EmbodiedNav: Spatial Cognition-Aware Embodied Navigation in Urban Spaces with Large Multimodal Model Agent

Abstract

Asking an aerial agent to navigate to any location without providing a specific route in an unseen environment autonomously is one of the fundamental tasks in embodied artificial intelligence. However, embodied navigation in low-altitude urban spaces is understudied, with aerial agents facing significant perception and reasoning challenges due to open-ended three-dimensional spaces and partial observations. To fill this gap, we propose EmbodiedNav, a large multimodal model-empowered agent composed of three modules: Track^2 Task Decomposition, Perception-Driven Action Generation, and Memory. These modules are built on spatial cognition: the imagination and associative ability for macro-level spatial topology, and the acquisition of micro-level spatial positioning through size consistency, viewpoint invariance, and spatial perspective-taking. Our formulation mimics how humans navigate using only RGB visual information, without relying on maps, odometers, or depth inputs. Experimental results demonstrate the potential of our agent in urban aerial embodied navigation.

Benchmark Setup in City Space

We provide some video examples to illustrate the task of goal-oriented vision-language navigation in urban spaces.

Goal: [Nearby bus stop]

Goal: [The fresh food shop in the building below]

Goal: [The balcony on the 20th floor of the building on the right]

Statistic Information:

  • Number of flight trajectories: 1,089
  • The average trajectory length is 86.9 meters, with a maximum of 421.5 meters and a minimum of 32.7 meters.
  • The average length of instructions is approximately 6.2 words.
  • The simulator's environment covers a 2.8 km × 2.4 km district in Beijing, a major city in China. The urban simulation includes about 100 streets and 200 buildings or building complexes, featuring a variety of types such as office towers, shopping malls, residential complexes, and public facilities.
  • The developed instructions further generate diverse cases across different architectural visual scenarios.
  • The distribution of ground truth path lengths in navigation trajectories and the word cloud of urban elements in navigation instructions are shown as follows.
  • Method

    The proposed agent consists of three modules. The track^2 task decomposition module outputs the latest plan and current progress. The perception-driven action generation module converts steps in the plan into an iterative algorithm, which outputs the agent's actions. Throughout this process, the RGB observation and output of each module are updated in the memory module, providing information to other modules.

    The design of embodied CoT for the Track^2 Task Decomposition module, mainly including plan evaluation, perception inference, and route inference. The perception inference and route inference stages are specifically designed based on spatial imagination and spatial association, respectively. The resulting plan is better equipped to handle goal-oriented navigation tasks in urban spaces.

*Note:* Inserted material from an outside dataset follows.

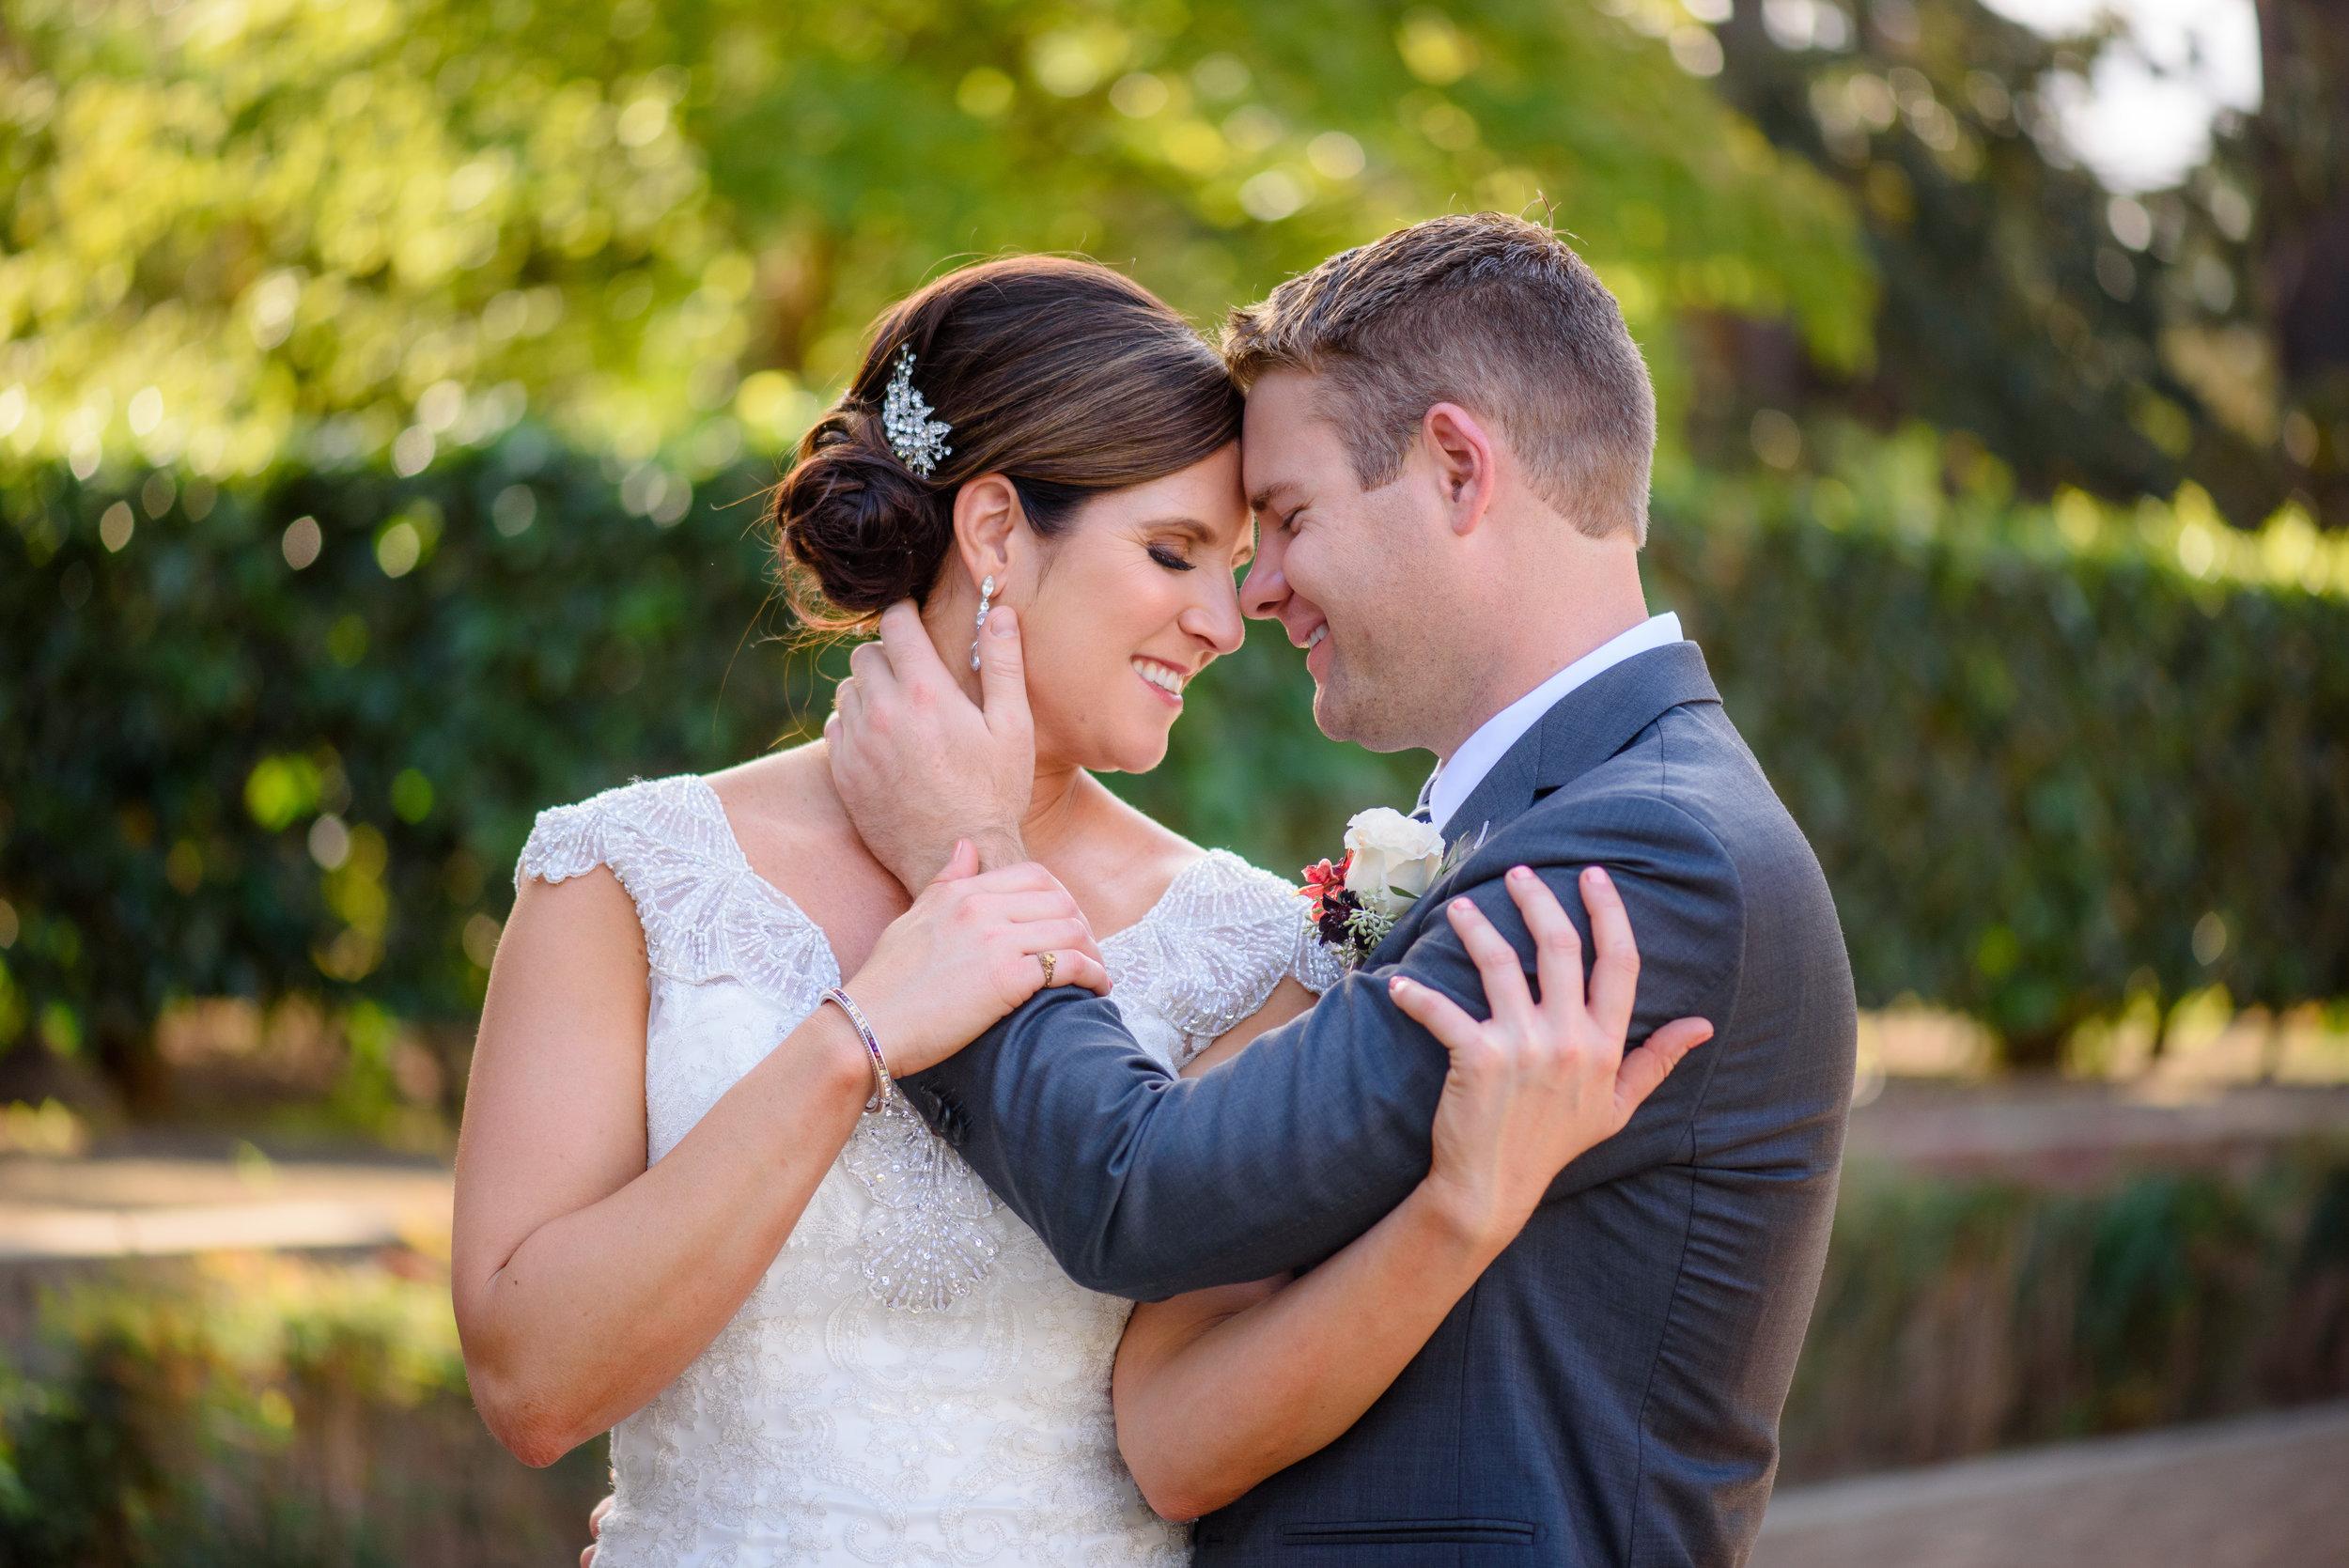 annie-brian-017-antiquite-midtown-sacramento-wedding-photographer-katherine-nicole-photography.JPG

    Perception-driven action generation: example of flying around an area of interest while maintaining a relatively constant distance and ensuring effective camera perception. To accommodate the LMM, the field of view is divided into a grid to determine the rough location of the area of interest.

    Experiment

    Overall Performance

    Embodied navigation results of the proposed EmbodiedNav compared to other baselines. The short, middle, and long groups correspond to ground truth trajectories of less than 63.2 meters, between 63.2 meters and 101.7 meters, and greater than 101.7 meters, respectively.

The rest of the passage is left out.